## Problem requirements
Transcribe, word for word and without additions, each line below from the one containing "Current memorial in" through the one containing "Cornmeal Crust for Peach Potpie", both ends included.

## Information supplied

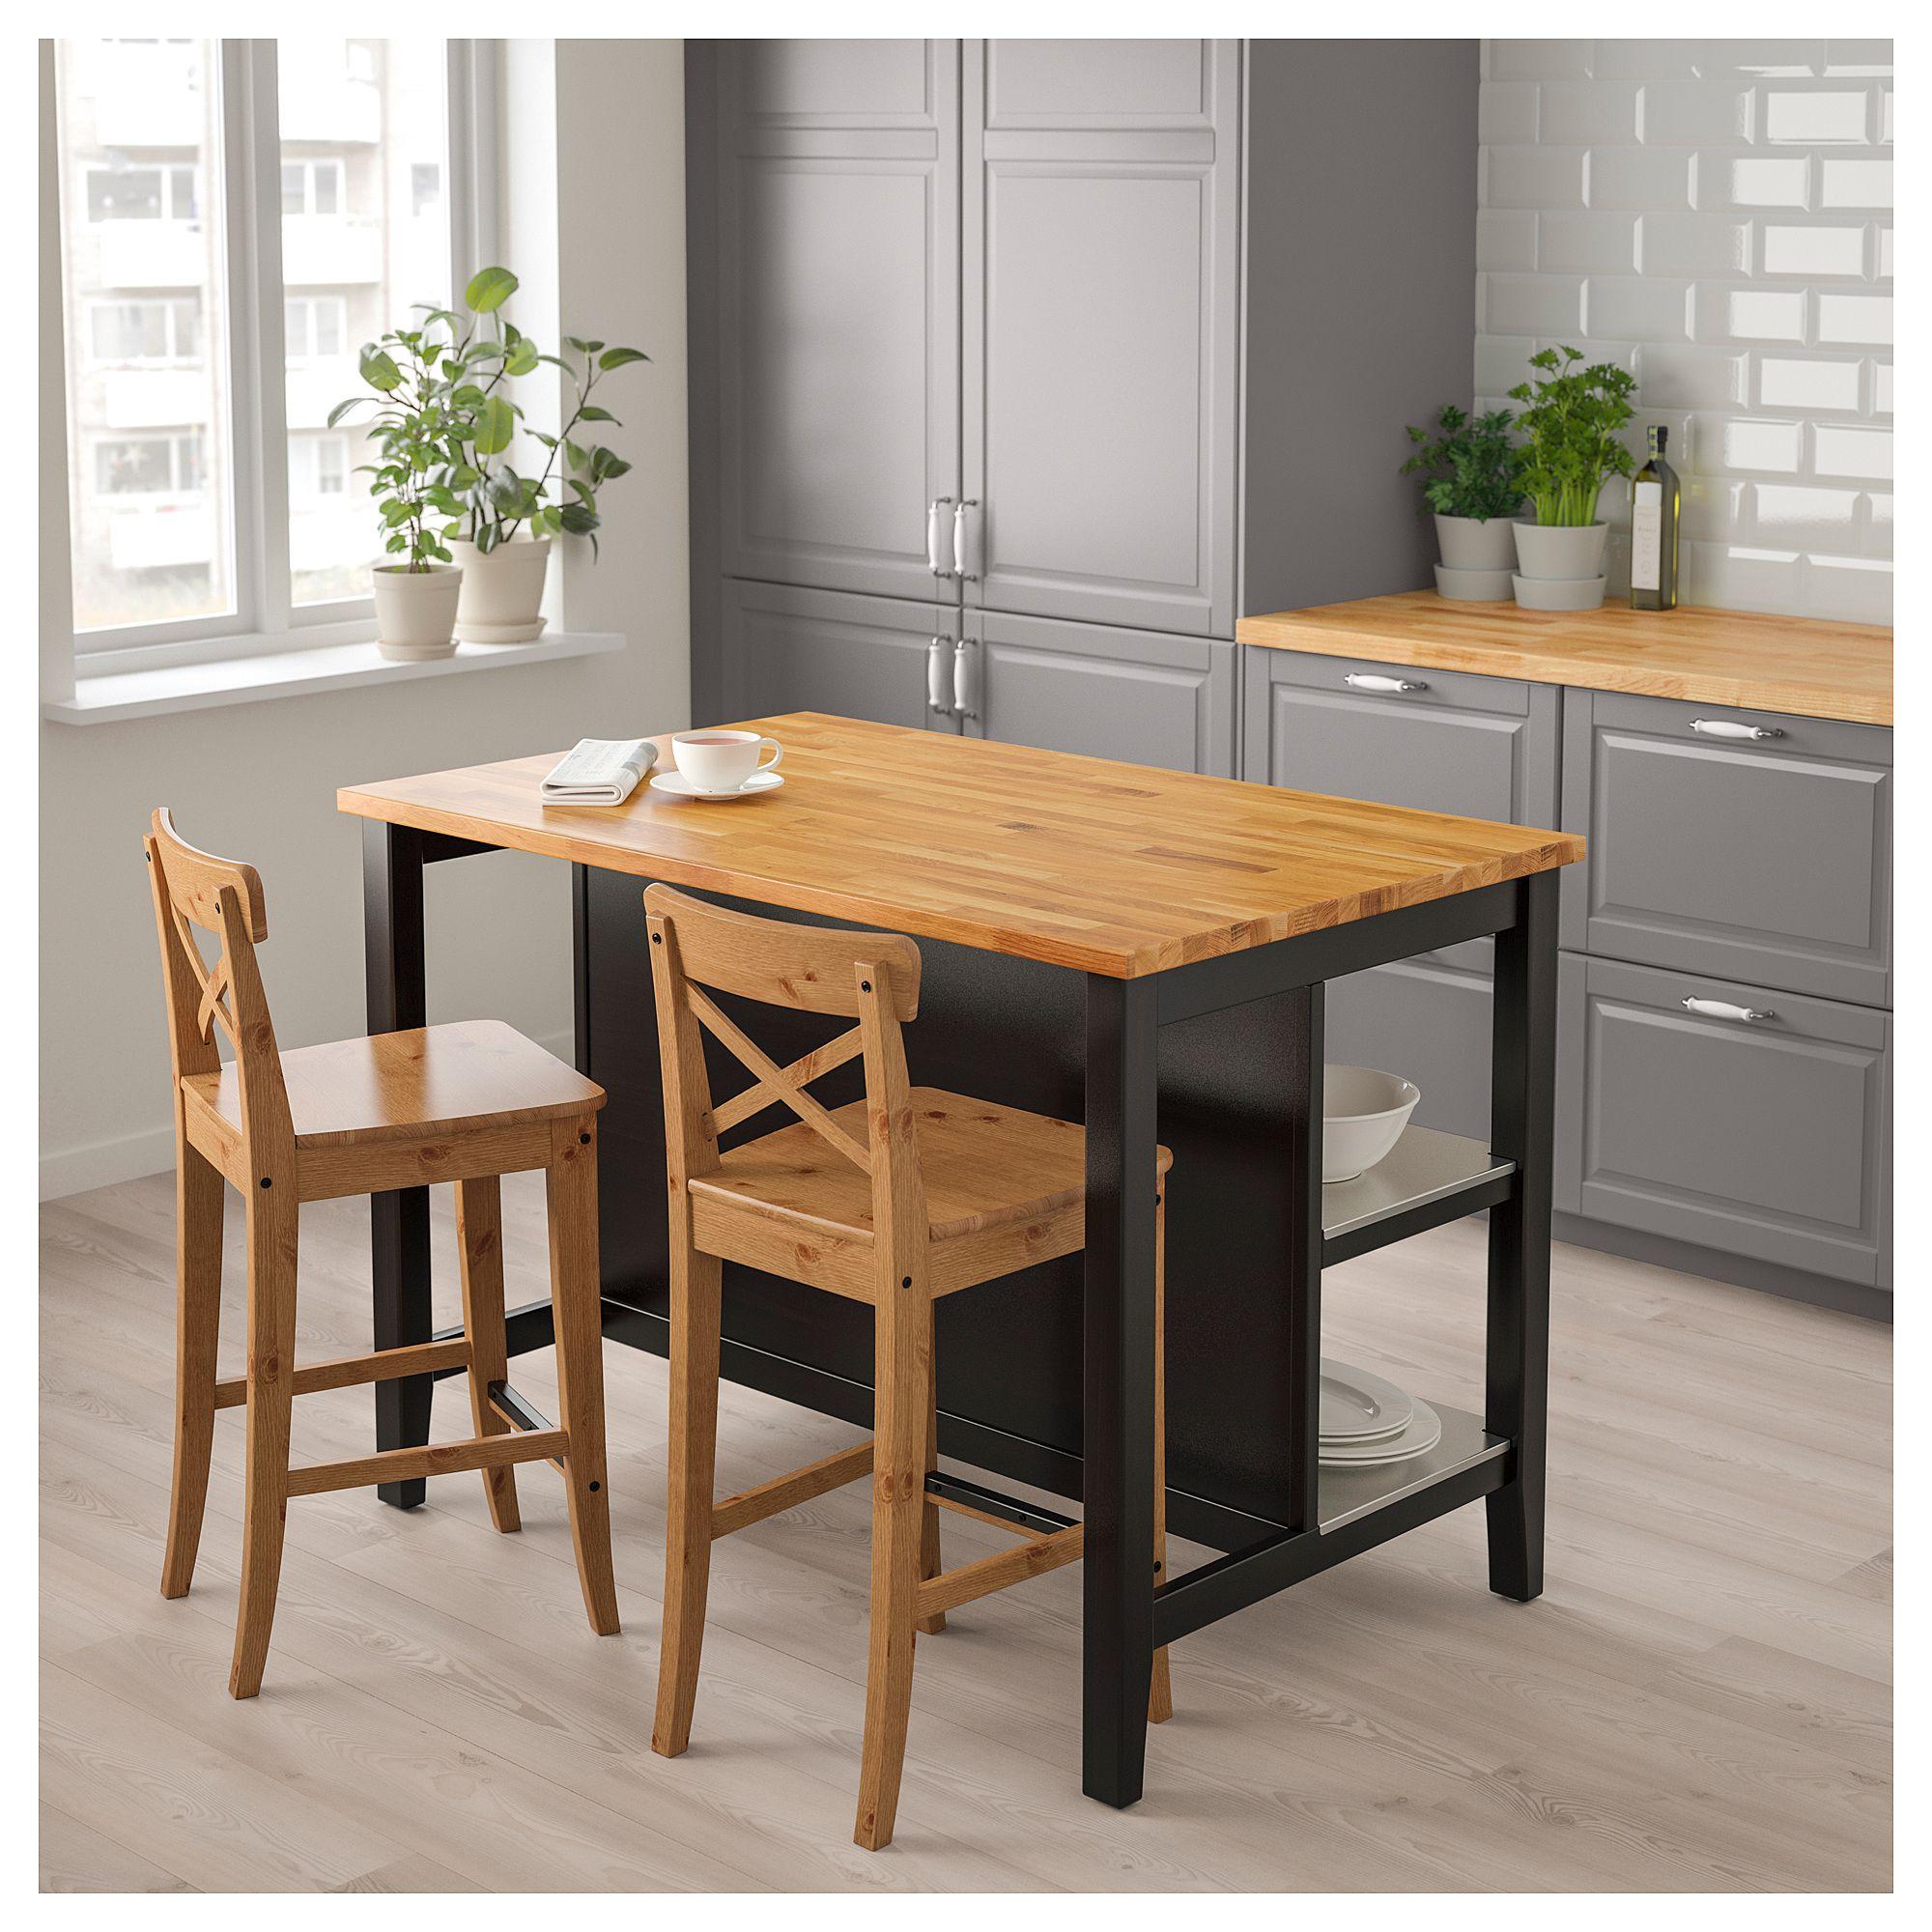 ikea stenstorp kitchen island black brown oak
* * *
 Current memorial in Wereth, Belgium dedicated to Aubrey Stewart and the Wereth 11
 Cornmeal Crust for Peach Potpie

## Response
 Current memorial in Wereth, Belgium dedicated to Aubrey Stewart and the Wereth 11
 Cornmeal Crust for Peach Potpie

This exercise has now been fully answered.